[Opening Recorded information section]

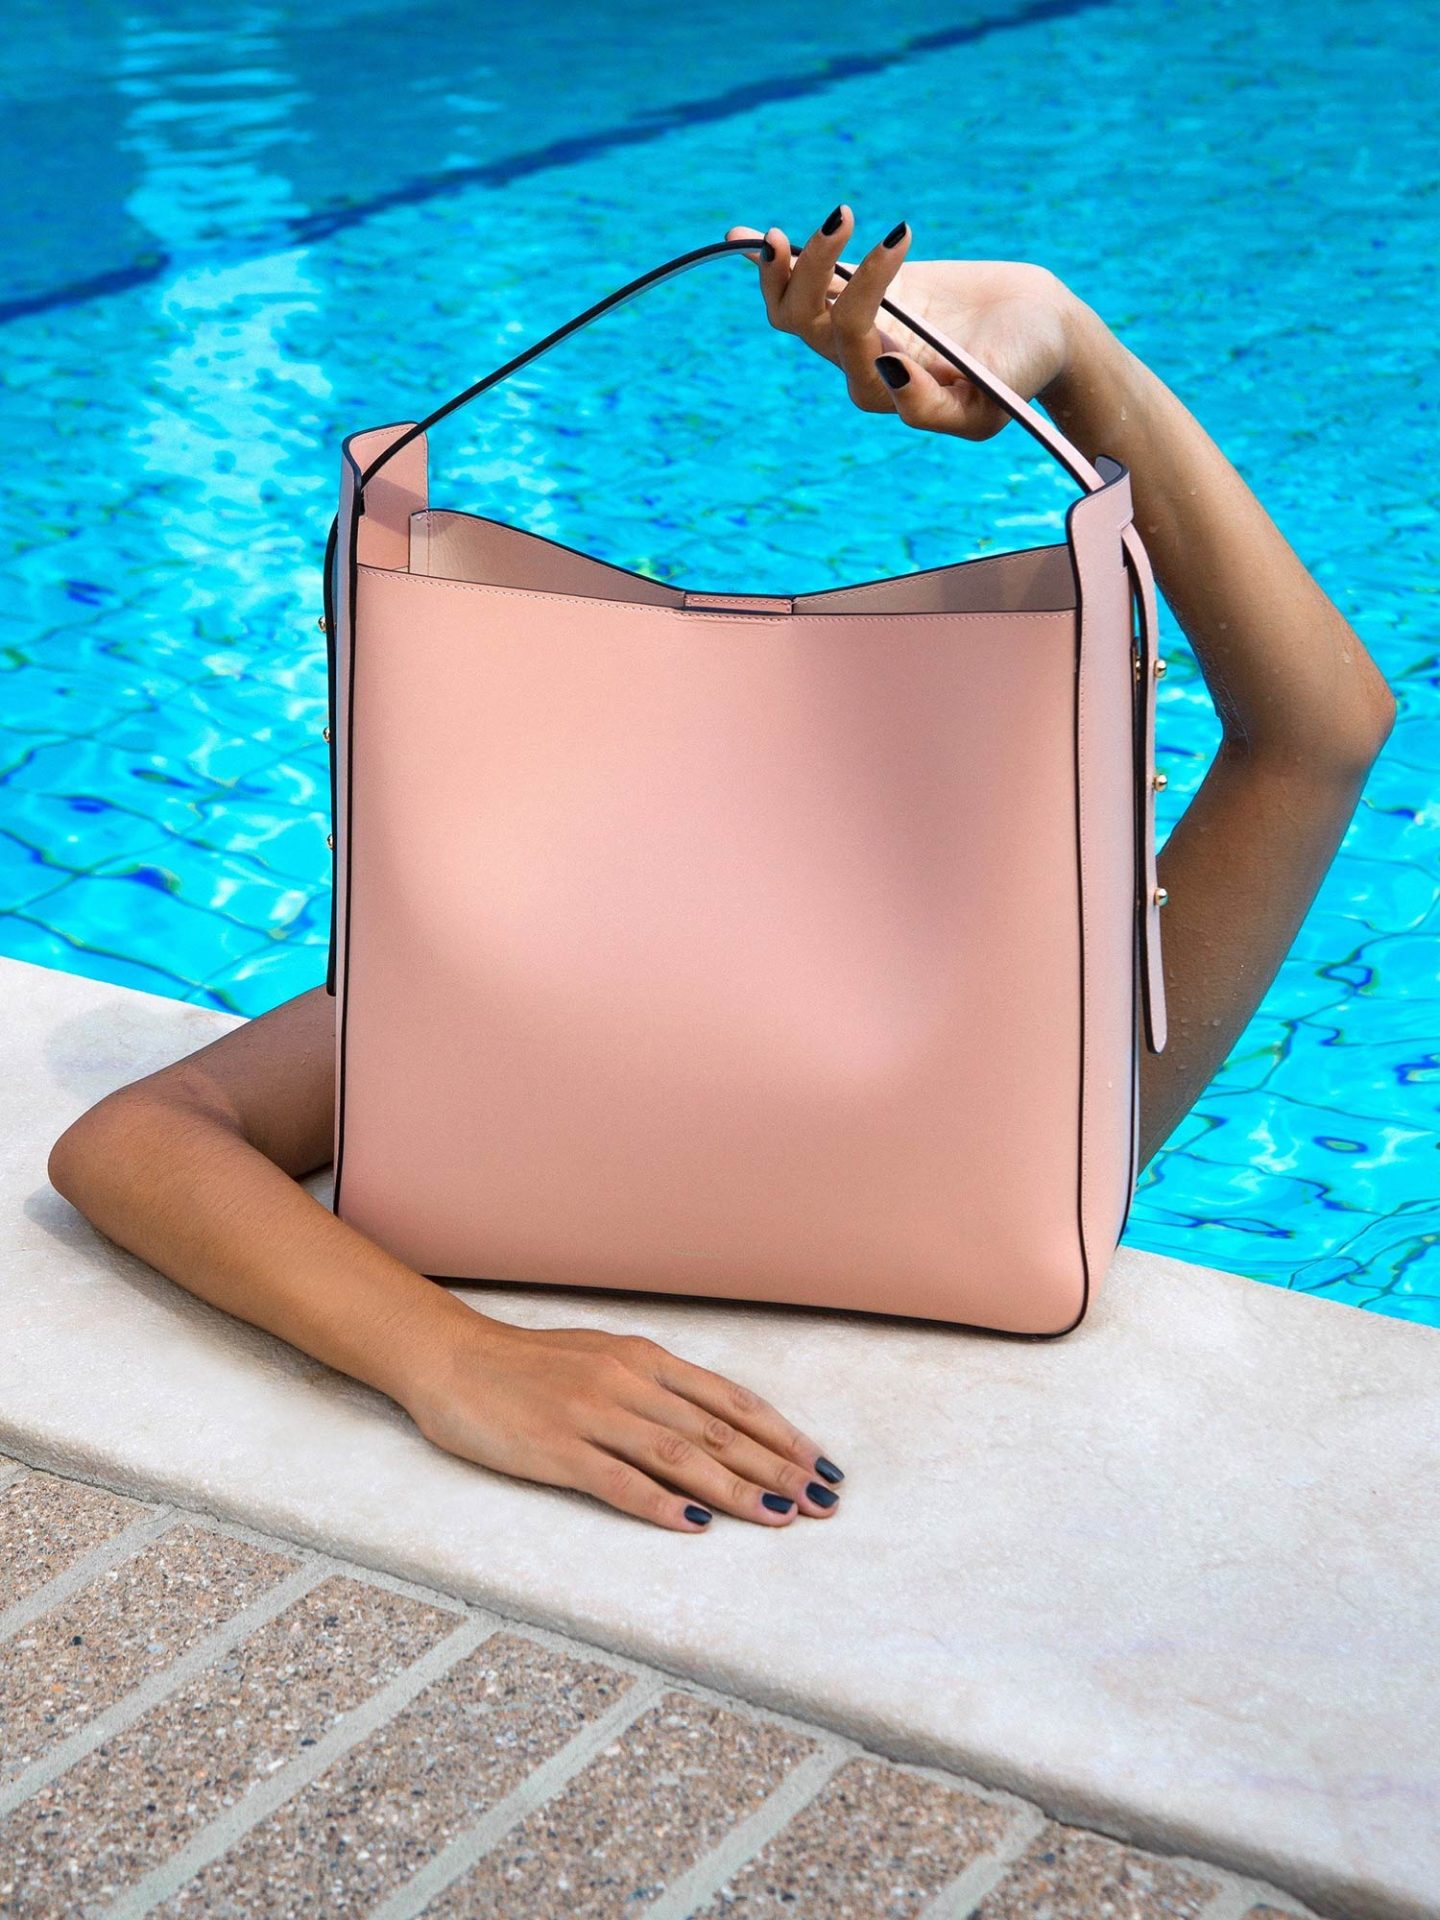 Wandler's Debut Bag Collection Inspired By Abstract Modernist Art - IGNANT
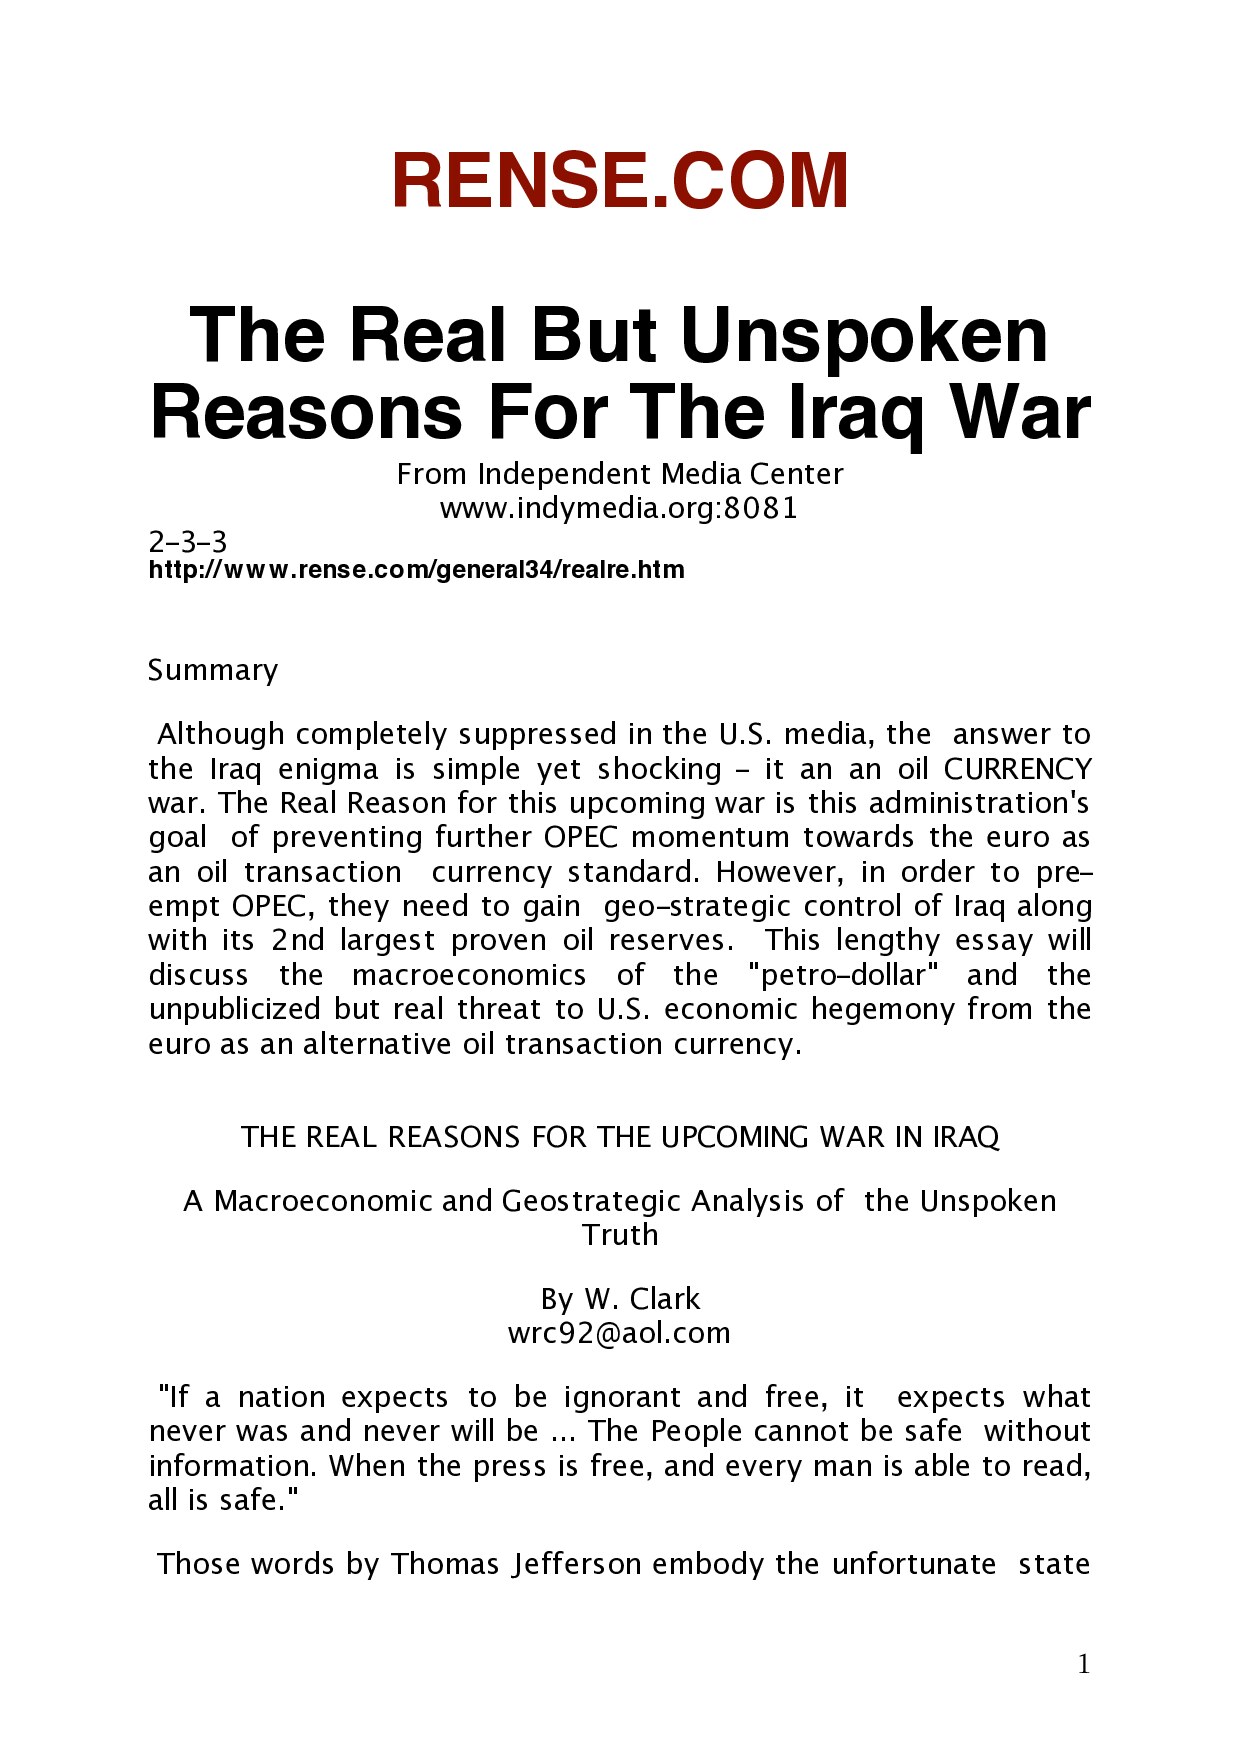 Independent Media Center; The Real But Unspoken Reasons For The Iraq War
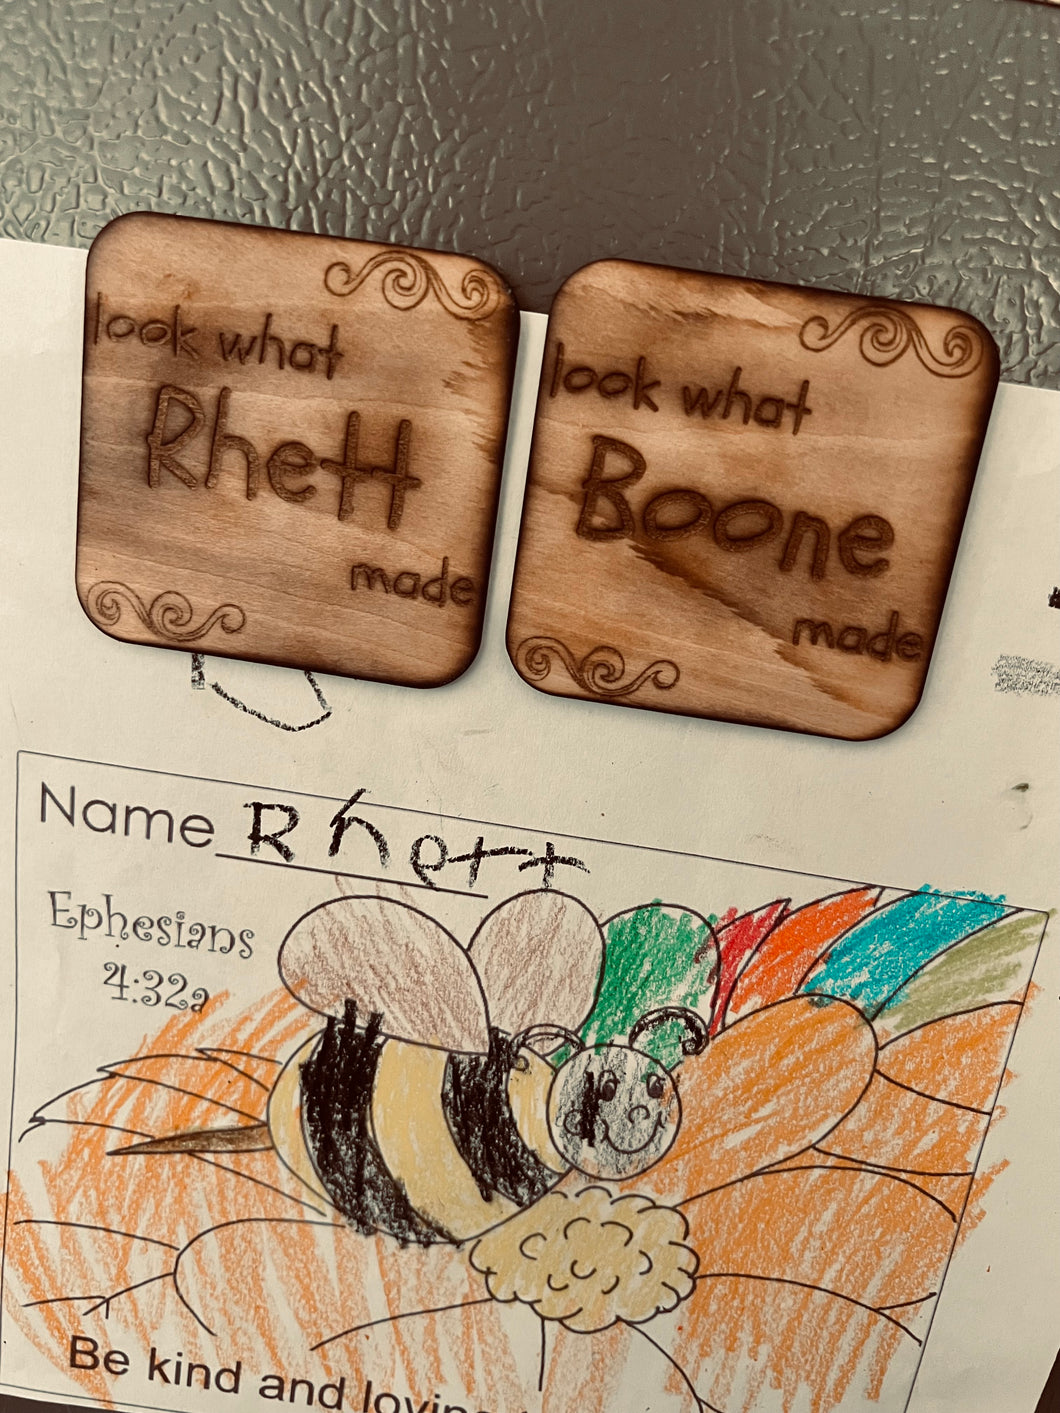 Look What ___ Made Refrigerator Magnets

[Closing Recorded information section]

— Assigned task —
Your answer must be an exact copy of the lines from the one with "Independent Media Center;" through the final line of the data, both included, without any pictures.

— Solved problem —
 Independent Media Center; The Real But Unspoken Reasons For The Iraq War
 Look What ___ Made Refrigerator Magnets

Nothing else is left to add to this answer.